Stop the service with:
```sh
sudo systemctl stop polymarket-orderbook-collector.service
```
Start it again with:
```sh
sudo systemctl start polymarket-orderbook-collector.service
```
## Local Validation Without Starting The Service
These checks do not require root:
```sh
python3 -m py_compile scripts/discover_polymarket_btc_markets.py scripts/collect_polymarket_orderbooks.py
bash -n scripts/run_polymarket_collector_cycle.sh
python3 - <<'PY'
from pathlib import Path
from scripts.collect_polymarket_orderbooks import load_flat_yaml
cfg = load_flat_yaml(Path('config/polymarket_collector.vps.example.yaml'))
required = {
'discovery_path',
'output_dir',
'manifest_path',
'market_limit',
'interval_seconds',
'duration_seconds',
}
missing = sorted(required - set(cfg))
assert not missing, missing
assert cfg['duration_seconds'] > 0
print('config parse ok')
PY
```
If systemd tools are available locally:
```sh
systemd-analyze verify systemd/polymarket-orderbook-collector.service
```
The local machine may not have `/opt/orderbooks` or the `orderbooks` service
user.

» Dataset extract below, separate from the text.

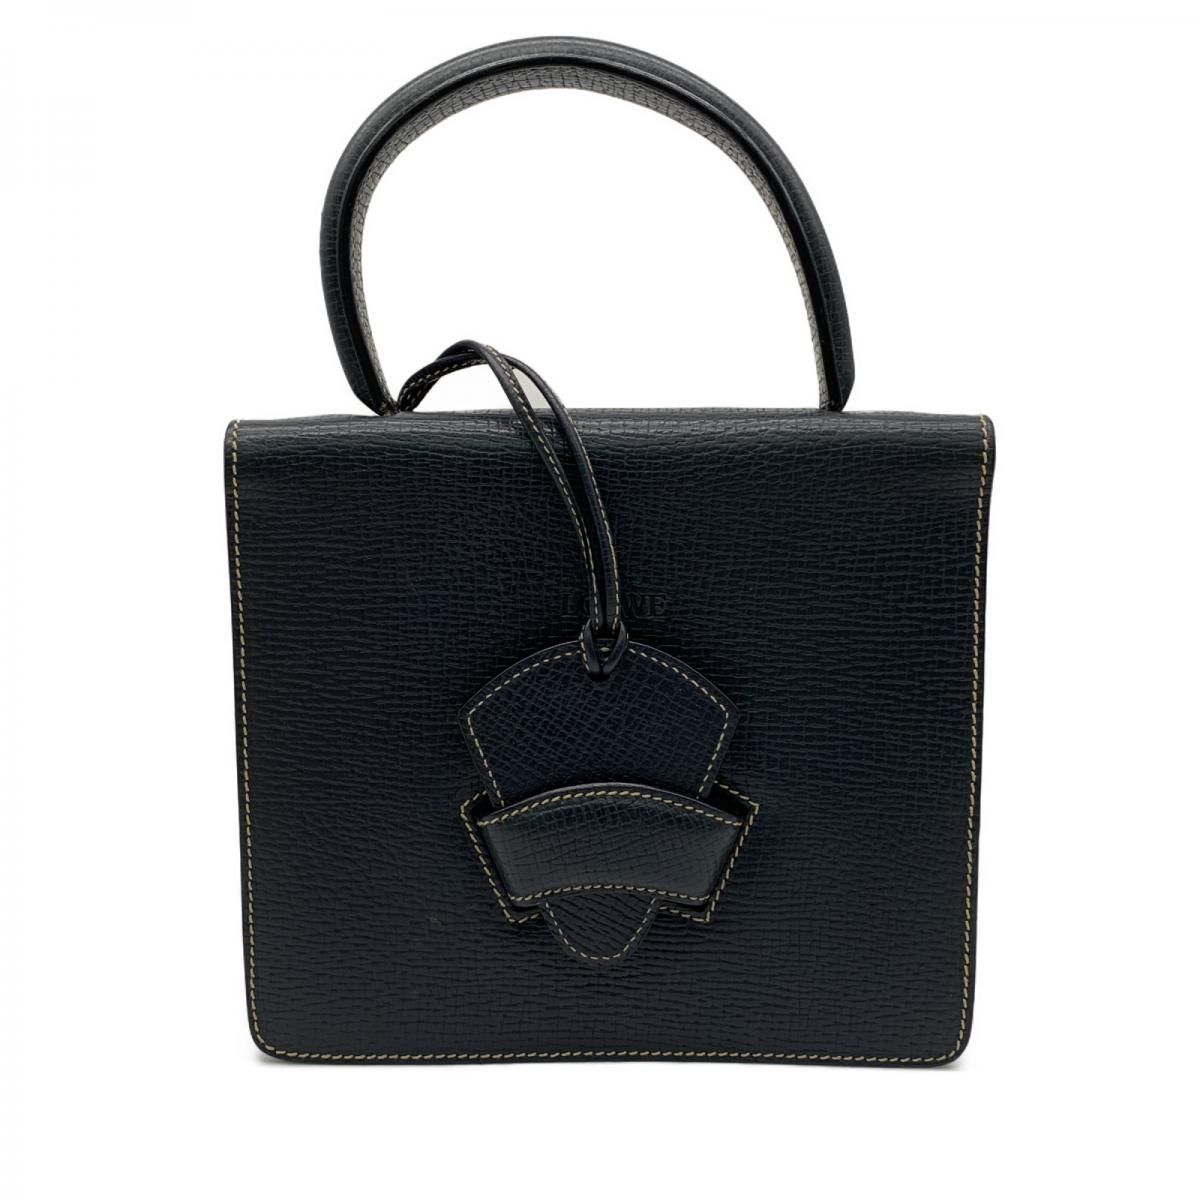 Leather Barcelona Handbag

Treat missing VPS path or user messages as deployment-environment warnings,
not collector syntax failures.
## Safe Upgrade
Stop the service, update files, rerun validation, then start the service:
```sh
sudo systemctl stop polymarket-orderbook-collector.service
cd /opt/orderbooks
sudo git pull --ff-only
sudo .venv/bin/python -m py_compile scripts/discover_polymarket_btc_markets.py scripts/collect_polymarket_orderbooks.py
sudo systemctl daemon-reload
sudo systemctl start polymarket-orderbook-collector.service
```
Do not remove existing data files during an upgrade. If a bad artifact is found,
preserve it and label it invalid or deprecated with a replacement path when one
exists.
## Current Limits
- This package runs the existing raw collector; it does not add a daemon inside
Python.
- The systemd loop is a restart model around finite collector cycles.
- It does not upload files.
- It does not prove long-run reliability.
- Production readiness remains blocked until discovery, raw collection, offload,
and a documented 24h soak test all pass.